Here is the algorithm for SHA-256:

  1. Padding: Append padding bits to the message to ensure its length is a multiple of 512 bits. The padding includes a single '1' bit followed by a series of '0' bits, and the length of the original message is appended to the end. Specifically, the padding needs to be (L + 1 + K + 64), where L is the message length and K is the number of '0' bits needs to be added.

  2. Initialize Variables: Initialize eight 32-bit variables (A, B, C, D, E, F, G, H) with the initial hash values, they are the first 32 bits of the fractional parts of the square roots of the first 8 primes 2 to 19.

  3. Process Chunk: Message Schedule: Message is broken up into 512-bit chunks. An array called message schedule (typically denoted as W) will be created, it ranges from W[0] to W[63], and it contains a set of words derived from the input messages, which will be used for later steps.

    The original message chunk is copied to the first 16 words of the message schedule array. The remaining 48 words from 16 to 63 will be populated by extending the initial 16 words. The populating process includes bitwise process such as rotate, shifting, and XOR logical operation.

  4. Initialize: Using the current hash value (the initial hash values if it's the first time), initializes variables A, B, C, D, E, F, G, H.

  5. Compression Function: The compression function is the main step of the algorithm, it involves updating the current hash value with the message schedule array. It consists of a series of logical and arithmetic operations.

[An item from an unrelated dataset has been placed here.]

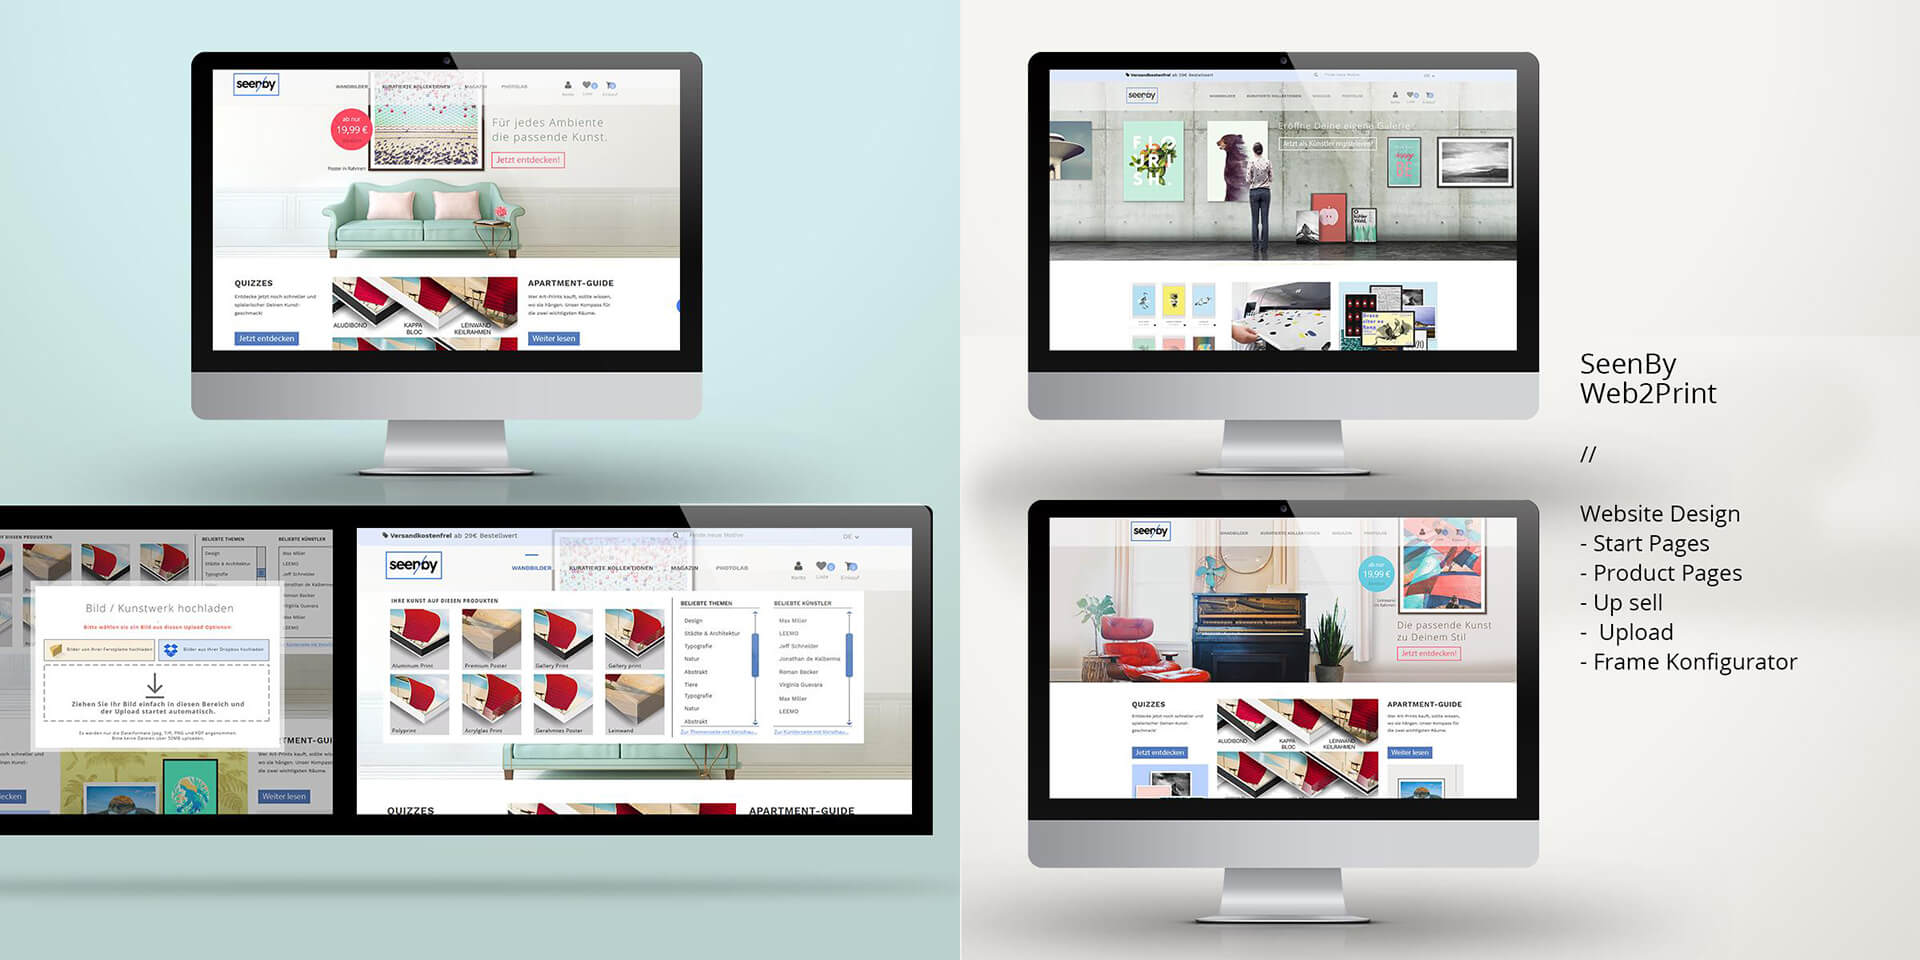 webtoprint wordpress social media marketing html5 css newsletter responsive banner 014
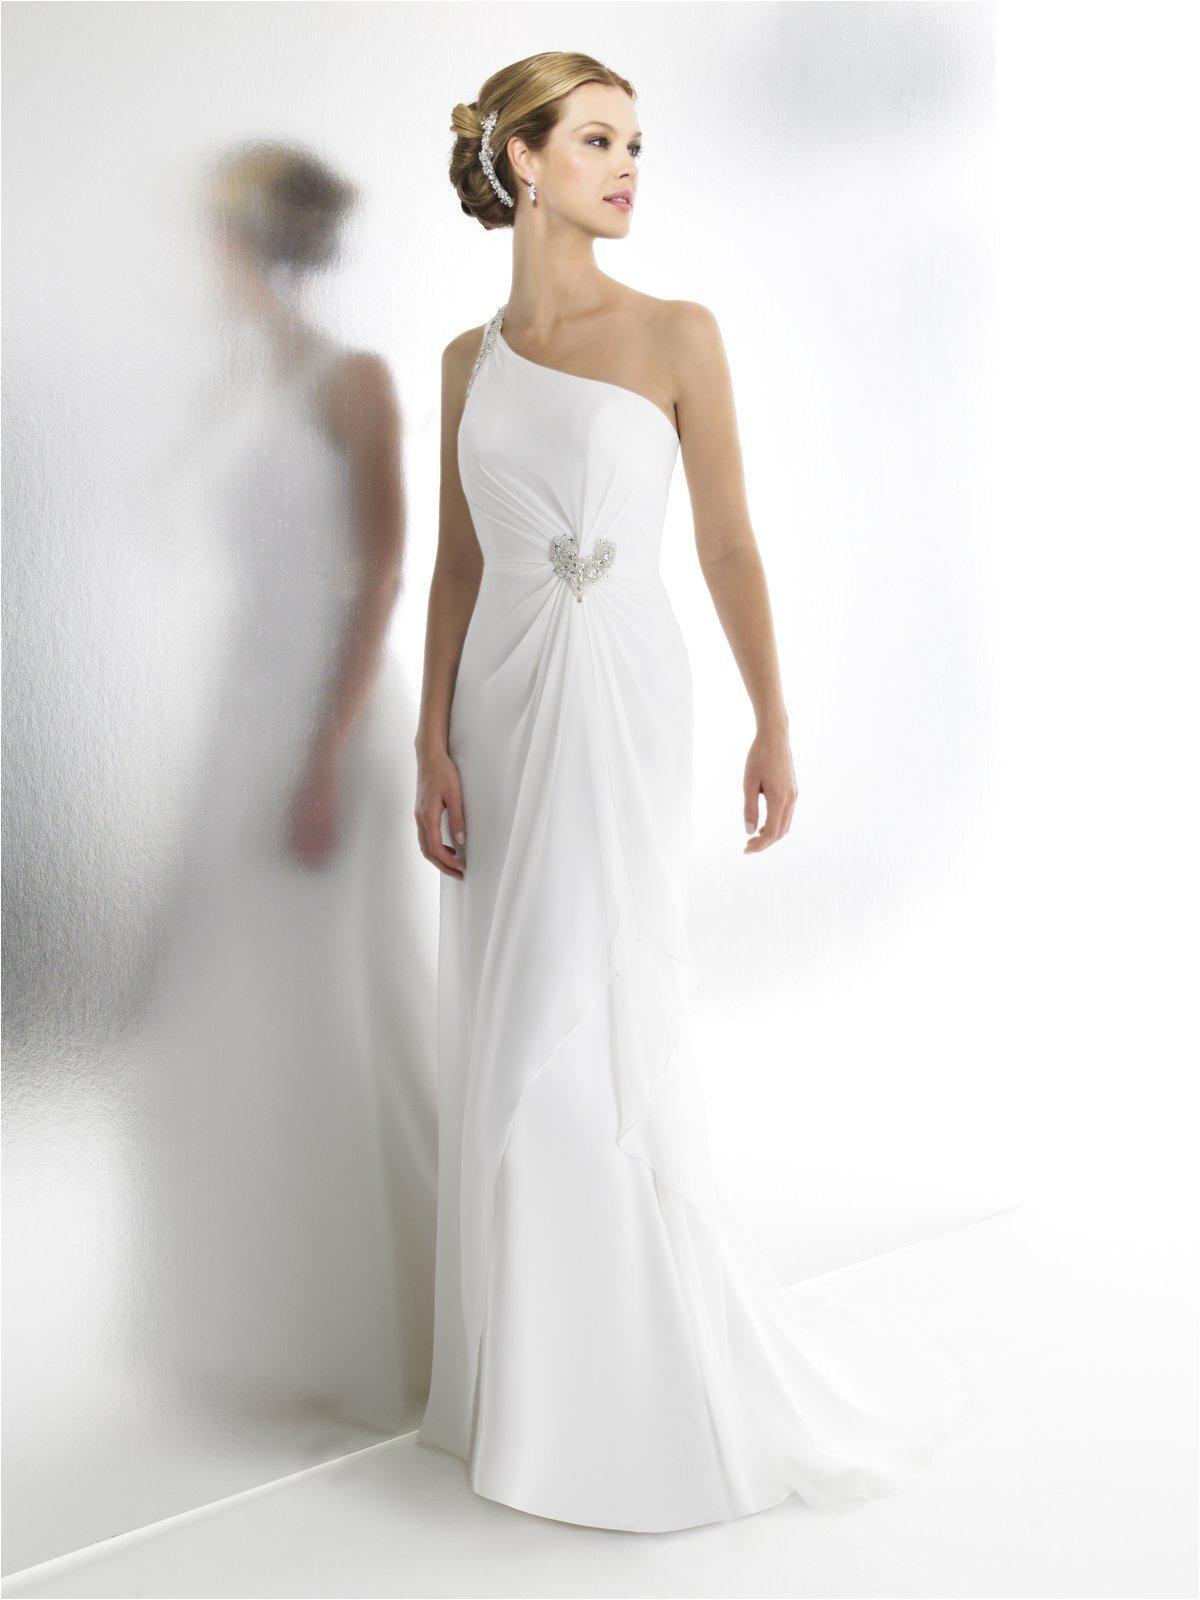 One Shoulder Wedding Dress Hairstyles Chiffon One Shoulder Wedding Dress Hairstyle for Women & Man

  6. Update Variables: Update the variables A, B, C, D, E, F, G, H with the results of the compression function.

  7. Final Hash: After processing all chunks, concatenate the final values of A, B, C, D, E, F, G, H to obtain the hash value (big-endian).

    SHA-2 algorithm
    Source: https://upload.wikimedia.org/wikipedia/commons/thumb/7/7d/SHA-2.svg/400px-SHA-2.svg.png

SHA-3

SHA-3 is the latest member of SHA cryptographic hash function family, the variants are SHA3-224, SHA3-256, SHA3-384, SHA3-512. The design of SHA-3 differs with SHA-1 and SHA-2, it is based on the Keccak sponge construction, in contrast SHA-1 and 2 uses the Merkle-Damgård construction.

The Merkle-Damgård construction works by processing the input message in fixed-size chunks, each chunk is sequentially hashed and combined with the previous output (or the initial hash), the final step combines all the hash state together.

The Keccak sponge construction uses a "sponge function" that absorbs and squeezes. It begins by padding the input and breaking it down into fixed-size chunk. The sponge construction has some internal state, by XOR-ing the input and the internal state, the chunk will be absorbed to the portion of the state.

The absorbed data undergoes a permutation operation to introduce more complexity, this includes series of nonlinear transformations and bitwise operations. After the permutation, a portion of the state is extracted for the hash output, this is the squeezing phase.